Prompt. Give every line of the material back exactly, images removed.

(Raw data)

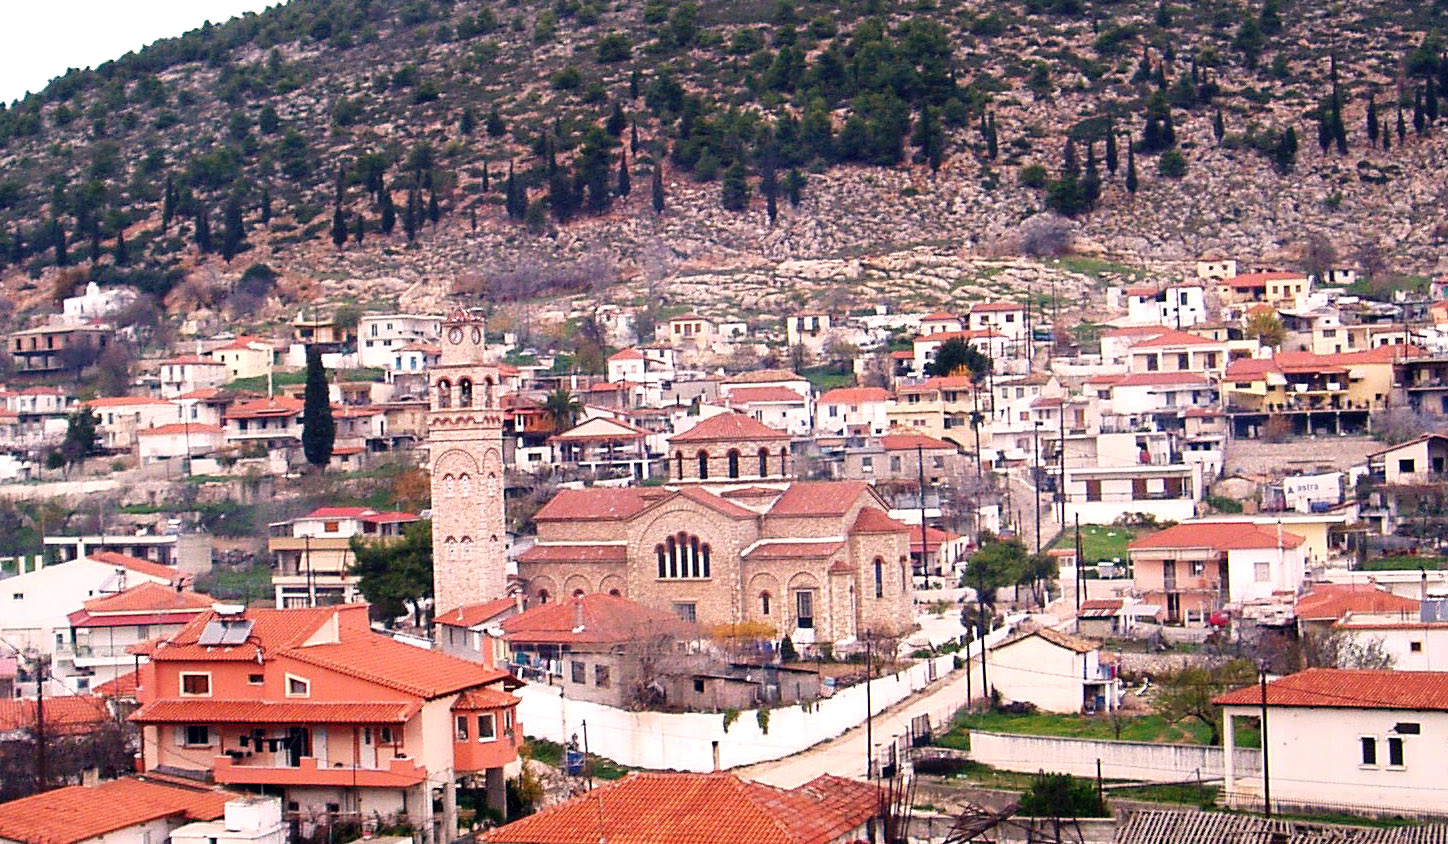 Δεν πάει το μυαλό σου: Το μοναδικό χωριό στην Πελοπόννησο με τόσα αξιόλογα εκκλησιαστικά μνημεία
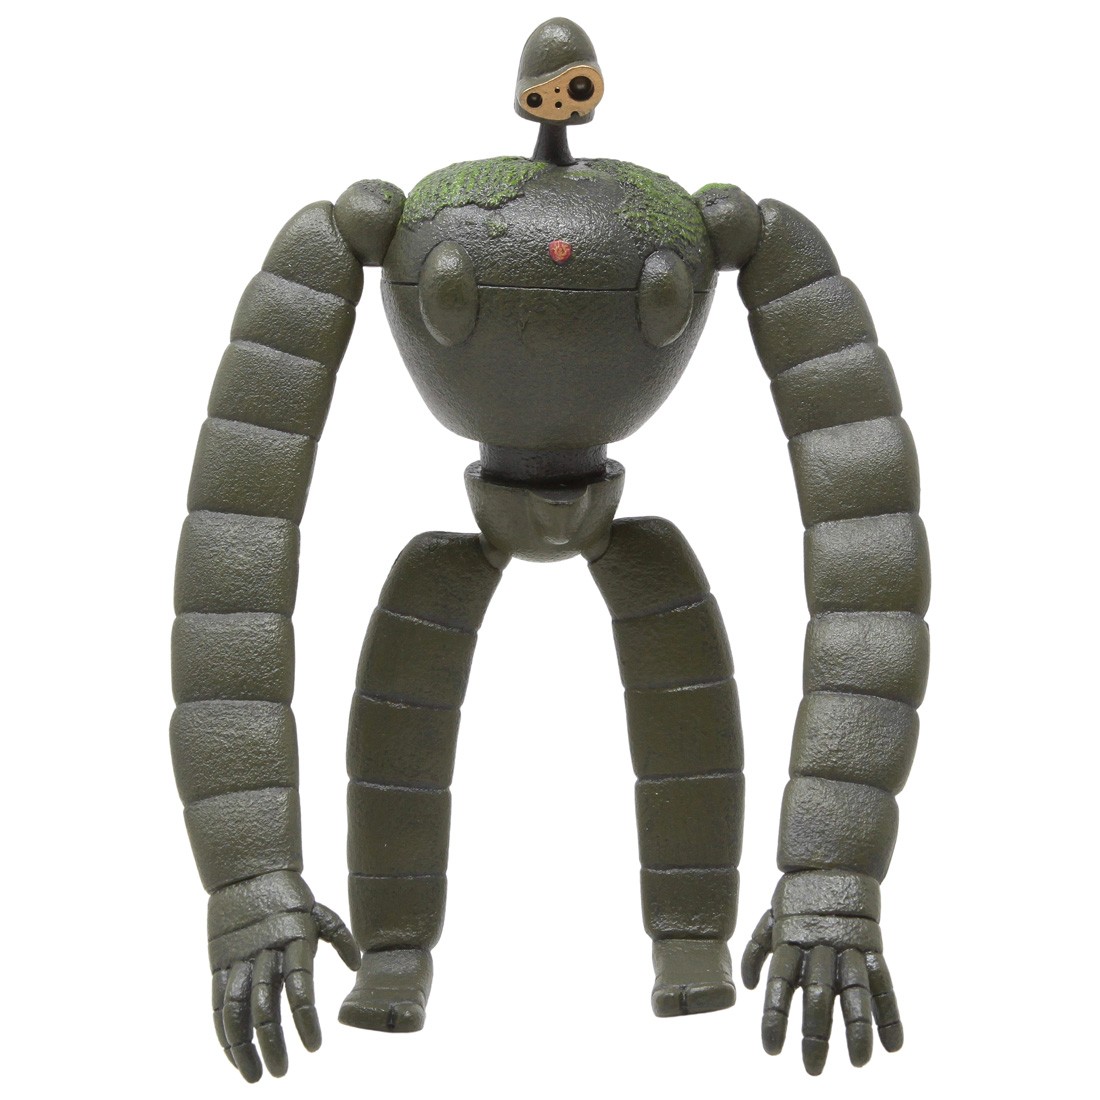 Studio Ghibli Benelic Castle In The Sky Gardener Robot Soldier Posing Figure (olive)
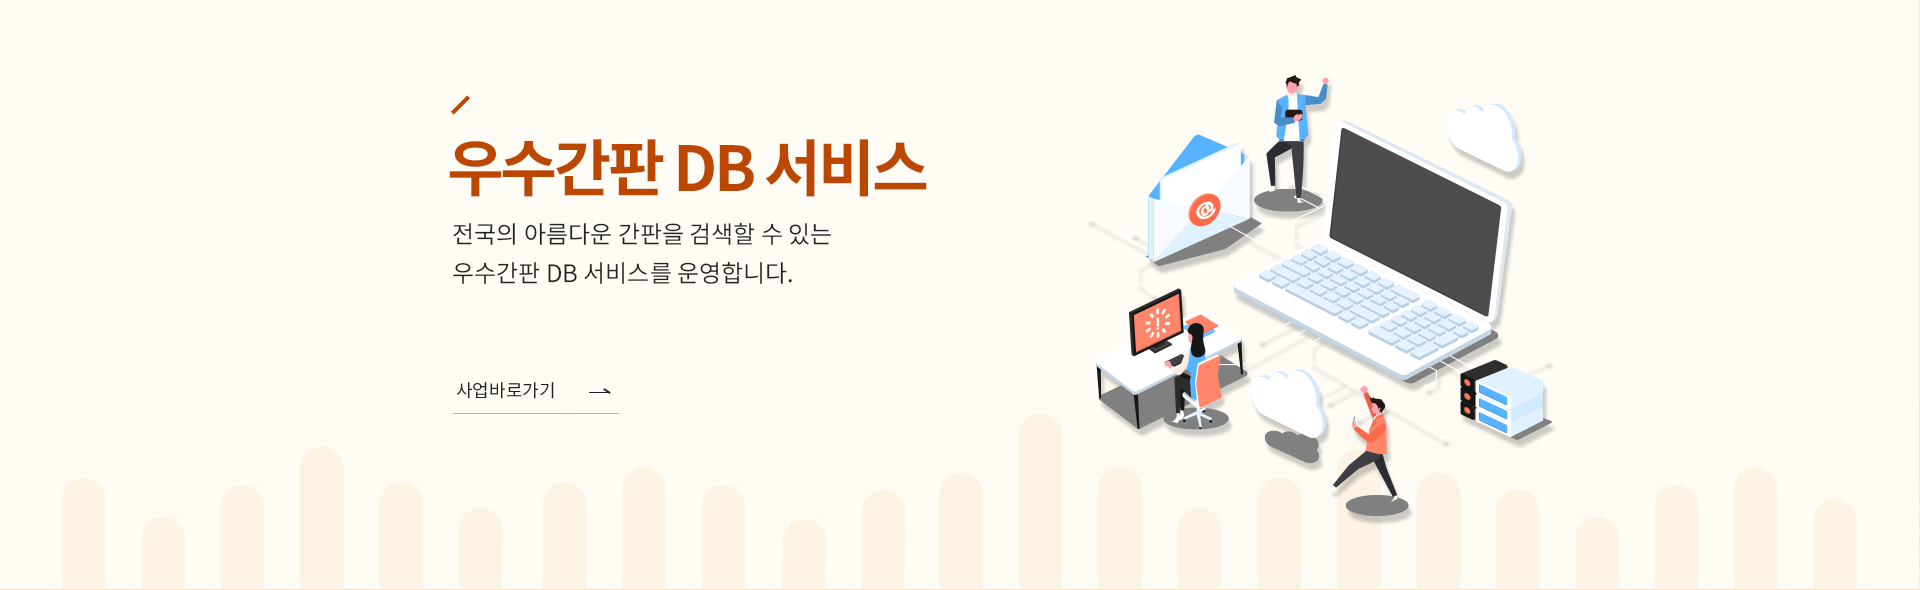 우수간판 DB 서비스   전국의 아름다운 간판을 검색할 수 있는 우수간판 Db 서비스를 운영합니다. 사업바로가기 →

(End Raw data)

Problem solution.
 Δεν πάει το μυαλό σου: Το μοναδικό χωριό στην Πελοπόννησο με τόσα αξιόλογα εκκλησιαστικά μνημεία
 Studio Ghibli Benelic Castle In The Sky Gardener Robot Soldier Posing Figure (olive)
 우수간판 DB 서비스   전국의 아름다운 간판을 검색할 수 있는 우수간판 Db 서비스를 운영합니다. 사업바로가기 →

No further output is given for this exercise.